Человек, который не способен отомстить за оскорбления, является нидингом, изгоем и лишается защиты закона. Истошный крик о защите чести слетает с уст родственников, потому что они боятся. Без сомнения, это главным образом было формальным делом, когда во Фрисландии один из родственников убитого мужчины схватил меч и нанес три удара по могиле, воскликнув в присутствии всей семьи: «Месть, месть, месть!» Таким же формальным делом был и ритуал, во время которого жалобщики выхватывали мечи и издавали первый крик, а потом относили тело в суд и, прокричав еще два раза, убирали мечи в ножны. Но формы были не более яростными, чем чувства. Среди мужчин, которые испускали крики, разносившиеся далеко по всей округе, существовало напряжение. Закон не знает такой неукротимой жестокости. Он дает советы, взвешивая свои слова, но оставаясь при этом искренним, как тот, кто видел человеческое существо в тяготах жизни; а когда уже все сказано и сделано, требование закона о необходимости чести для человека столь же полно сочувствия, что и вопли родственников.

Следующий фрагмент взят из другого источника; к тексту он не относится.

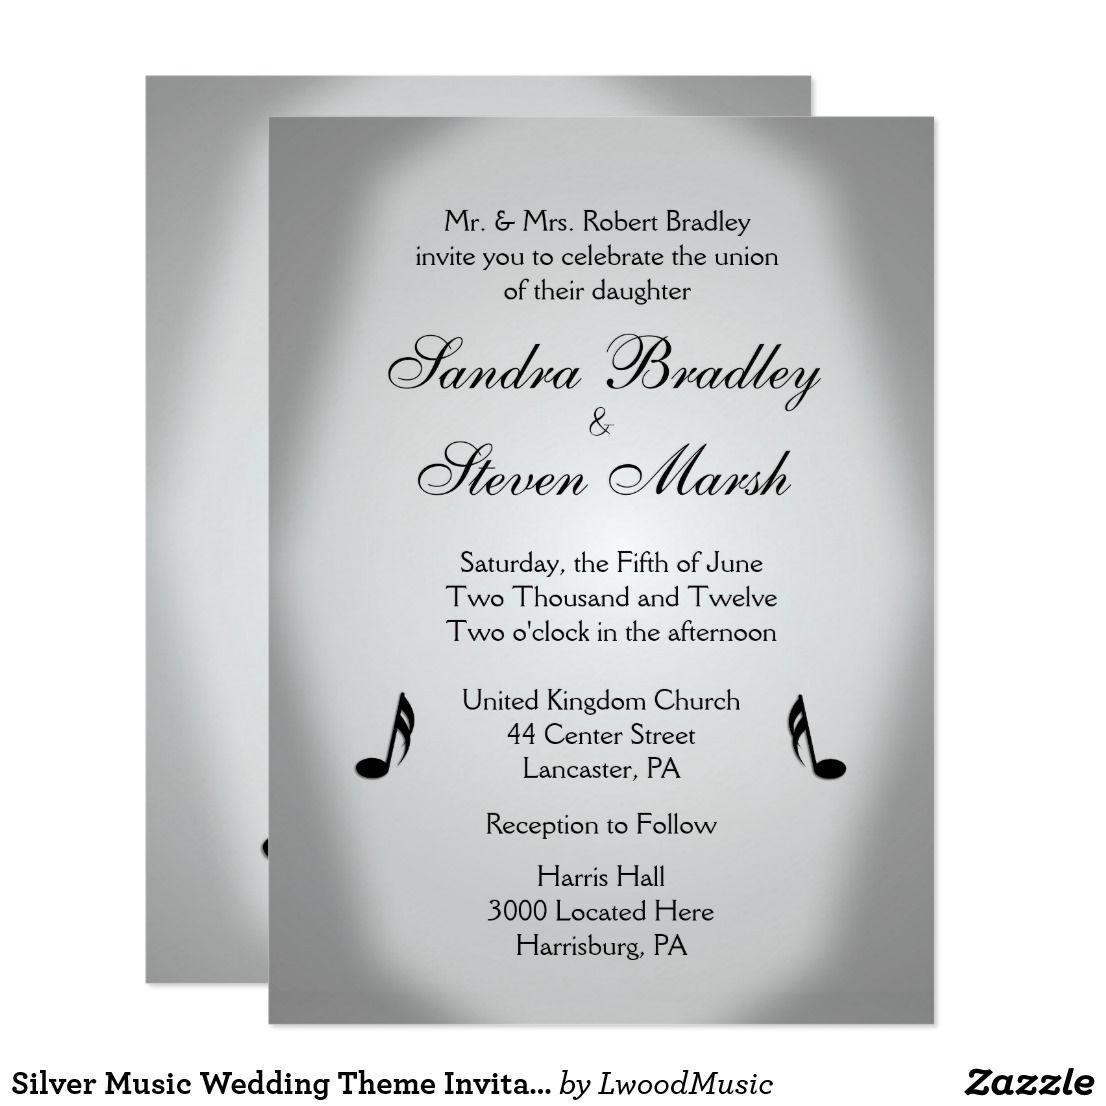 Silver Music Wedding Theme Invitation | Music wedding themes and ...

Четкое и строгое по форме слово законника не позволяет требованию набрасываться на нас с диким криком родичей: «Требуем мести!» Тем не менее если наши уши открыты тому, что излагает законник в своих кратких предложениях, то мы можем с помощью этого непрямого свидетельства получить всепоглощающее представление об энергии чести, которое усиливается от сознания того, что мы видим, как эта энергия преобразуется в поддерживающую энергию общества.
Процесс германского суда строится на том принципе, что обвинения – выдвинутого, разумеется, в надлежащей форме – вполне достаточно, чтобы человек смог сам защитить себя. Любой должен был быть готовым свести к нулю простое, необоснованное обвинение с помощью своей клятвы и клятв его сторонников. Если же человек молчал, то это означало, что он согласен с обвинением, и дело считалось решенным, как если бы он сам публично признал свою вину. Никто не боялся, что таким способом можно вынести приговор совершенно невинному человеку, поскольку молчание не считалось молчаливым согласием; наоборот, само обвинение считалось способом внушить человеку мысль, что он виновен. Если человек не способен отбросить обвинения, то пусть оно, так сказать, проникнет в него и пометит. Обвиняемый не доказывает, что он чист; он сам себя очищает.
Таков был господствующий принцип в германском судебном процессе, и он объединял людей в сообщество закона. Так же и в повседневной жизни, по-видимому, человек приобретал власть над другими с помощью своих слов. Один человек мог раздавить другого, чтобы показать свою силу, смелость, свою безрассудную храбрость. Можно было подчинить себе человека, выразив сомнение в его мужестве. У исландцев был даже специальный термин, обозначавший такие слова, предназначенные для подстрекания: fryjuord. Этим обидчик выражал свою уверенность в том, оскорбляемый им лишен мужских достоинств. Жил когда-то человек по имени Мар. Одни люди решили его извести.